Captain de Boccard, however, recrossing the bridge to return to the camp, saw down in the river, on the top of an enormous fragment of almost pyramidal form, some small square stones, which looked to him as if they had characters engraved upon them; and the fact that they were there, as if placed there on purpose to be seen from the bridge, made the supposition of value. The Captain manifested his intention of going to see what they were. Everybody advised him not to. The river banks were very steep, the bottom encumbered with pointed rocks, scattered at some distance from each other, the current strong and rapid, the fragment of ruin on which the stones lay was very high, and either impossible or very dangerous of access. But Captain de Boccard is one of those persons who are impossible to move when once their purpose is fixed: they will do it, or die. We had not yet done dissuading him, when he was already down the bank, just as he was, with his horseman’s boots and spurs. A hundred Arabs were looking on, some fringed along the river banks, some leaning over the parapet of the bridge. As soon as they understood what the Captain was going to do, the enterprise appeared to them so desperate, that they began to laugh. When they saw him stop on the edge of the water and look about as if seeking a passage, they imagined that his courage had failed, and all burst out into insolently sonorous laughter. “Not one of us,” one cried, in a loud voice, “has ever succeeded in climbing up there; we shall see whether a Nazarene can do it.”

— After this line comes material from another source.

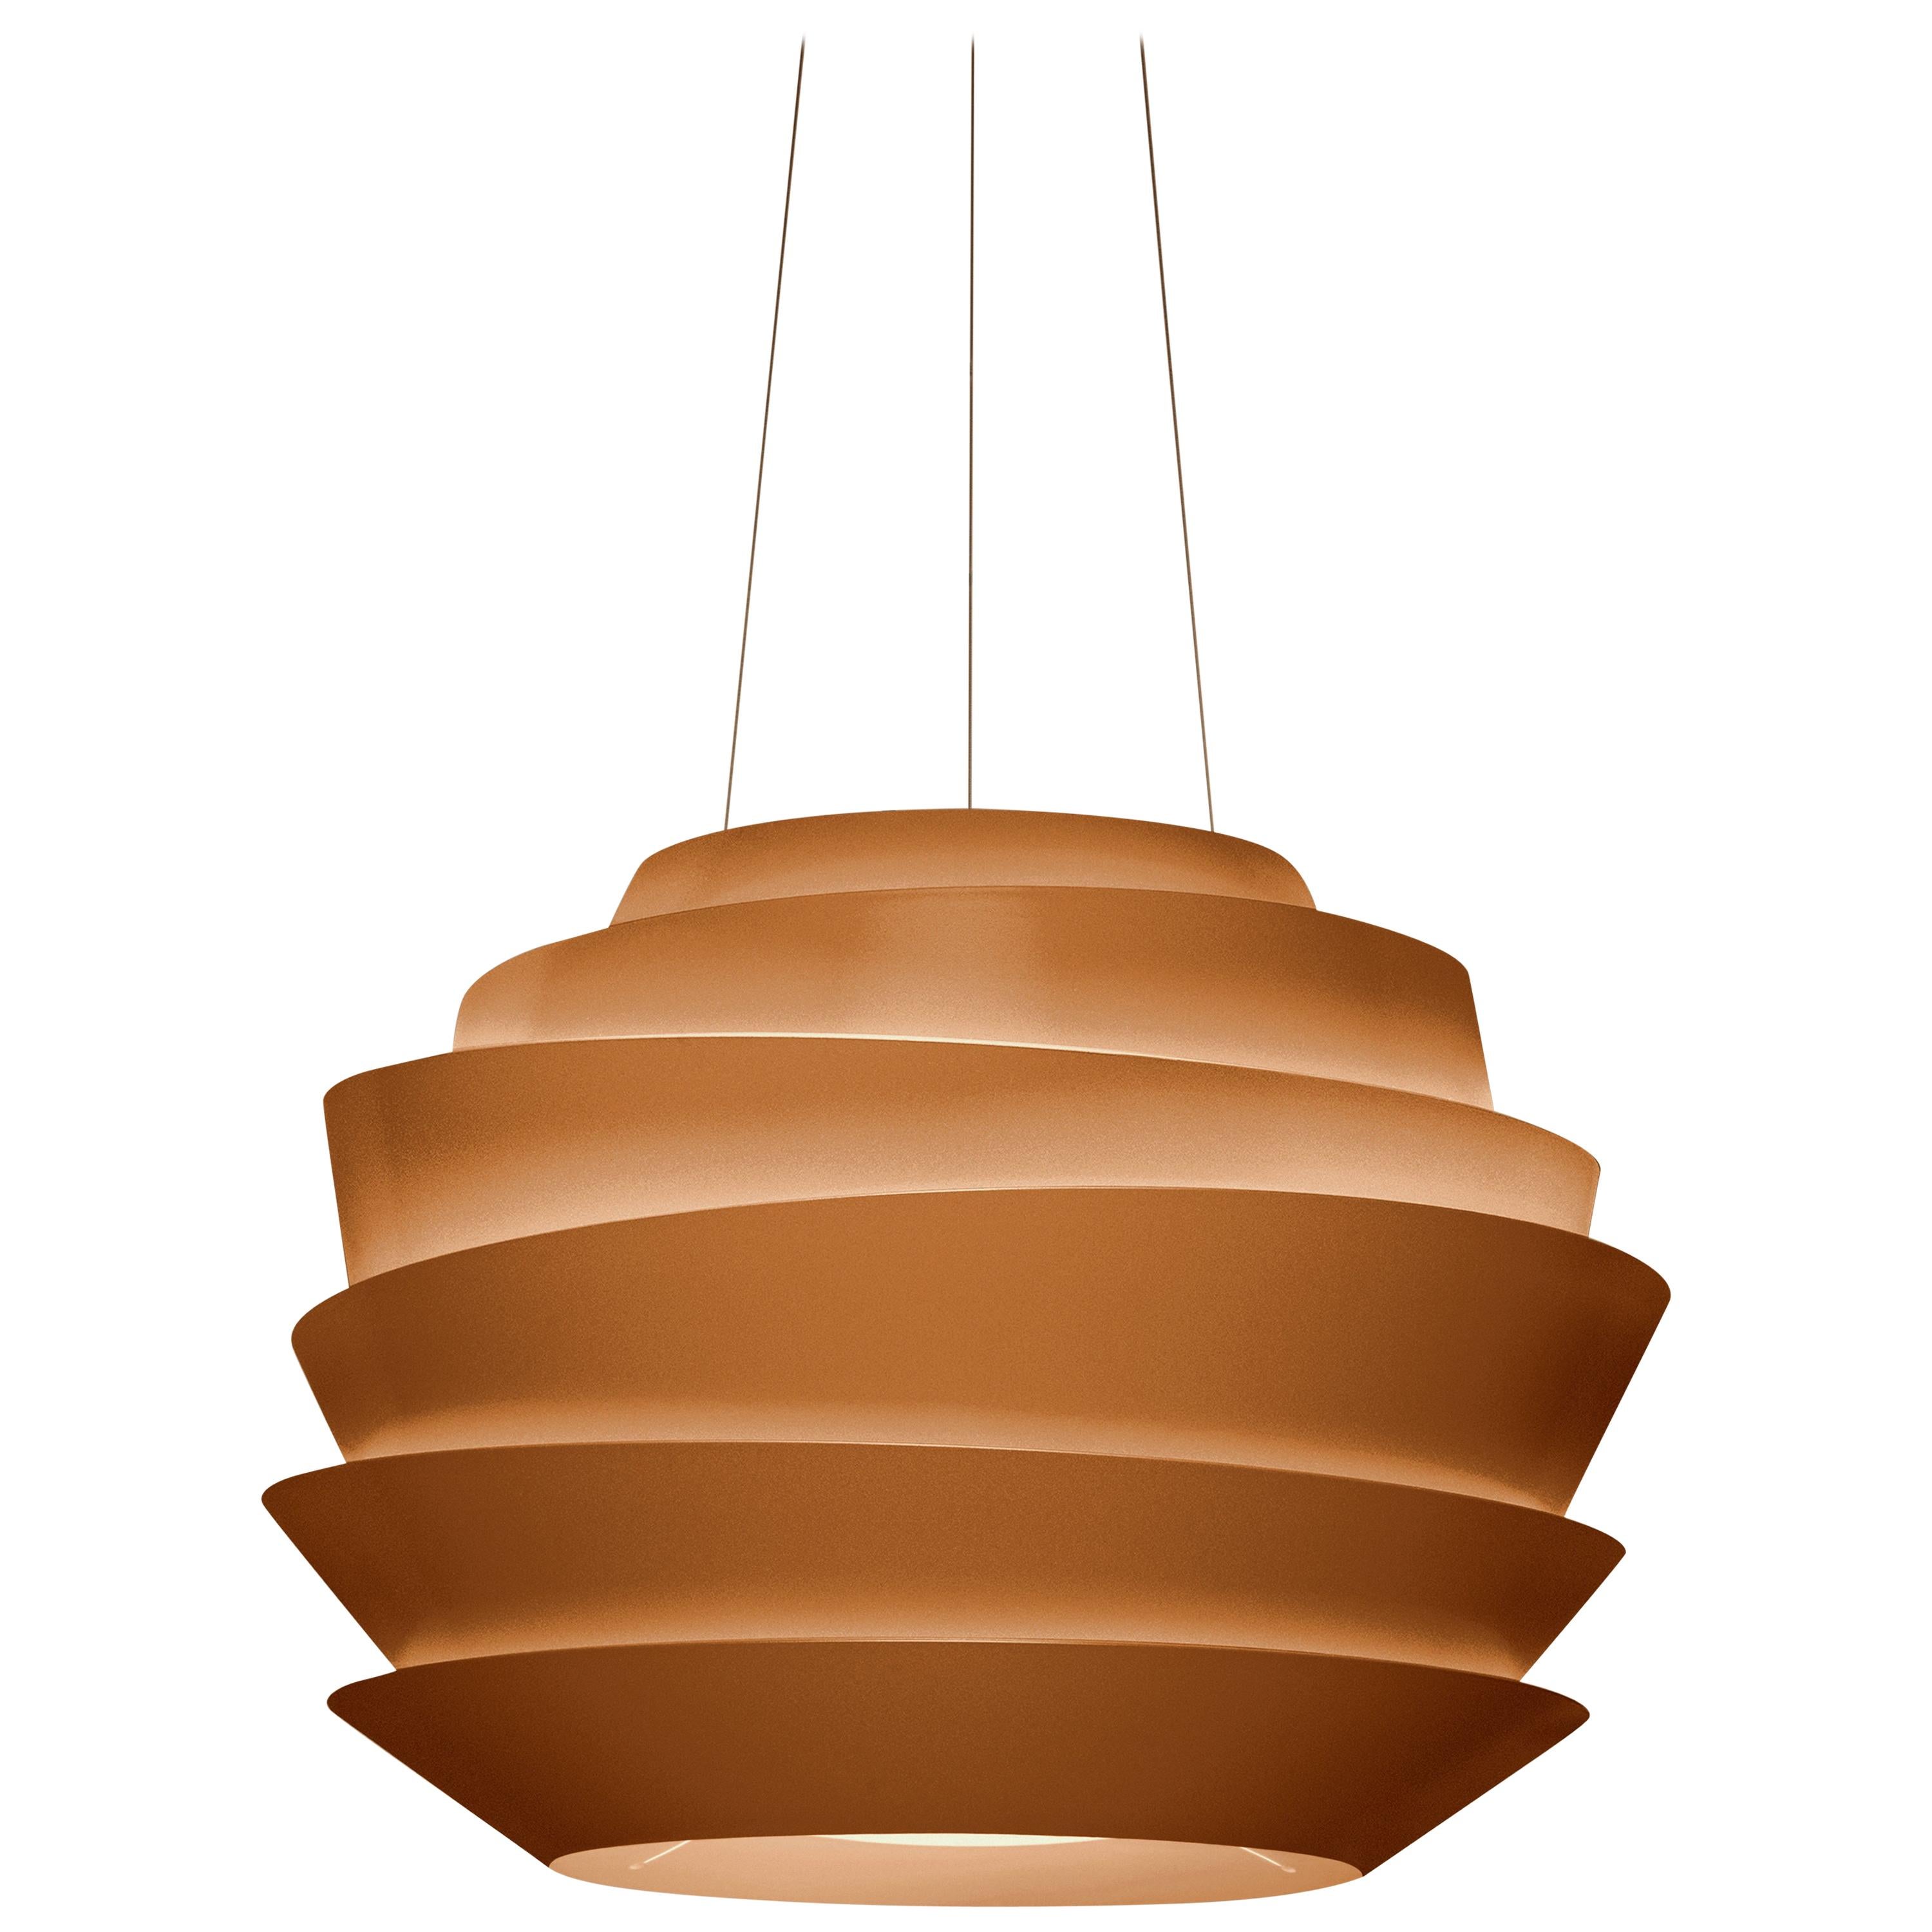 Foscarini Le Soleil Suspension Lamp in Copper by Vicente Garcia Jimenez

And certainly no other of us Italians could have done it. But he who attempted it was, as it happened, the most active personage in the Embassy. The laughter of the Arabs gave him the final impulse. He gave a spring, disappeared into the midst of the bushes, reappeared upon a rock, vanished again, and so from rock to rock, springing like a cat, clinging, and climbing, and slipping, over and over again risking a fall into the river, or the breaking of his bones, came to the foot of the piece of ruin, and without taking breath, clinging to every root and every projection, he reached the top, and stood erect upon it like a statue. We all drew a long breath, the Arabs were amazed, and Italian honor was safe. The Captain, like a noble victor, deigned not even a glance at his crestfallen adversaries, and as soon as he had satisfied himself that the supposed engraved stones were nothing but fragments of mortar that had fallen from the bridge, came down by the other side, and with a few jumps gained the shore, where he was received with the honors of a triumph.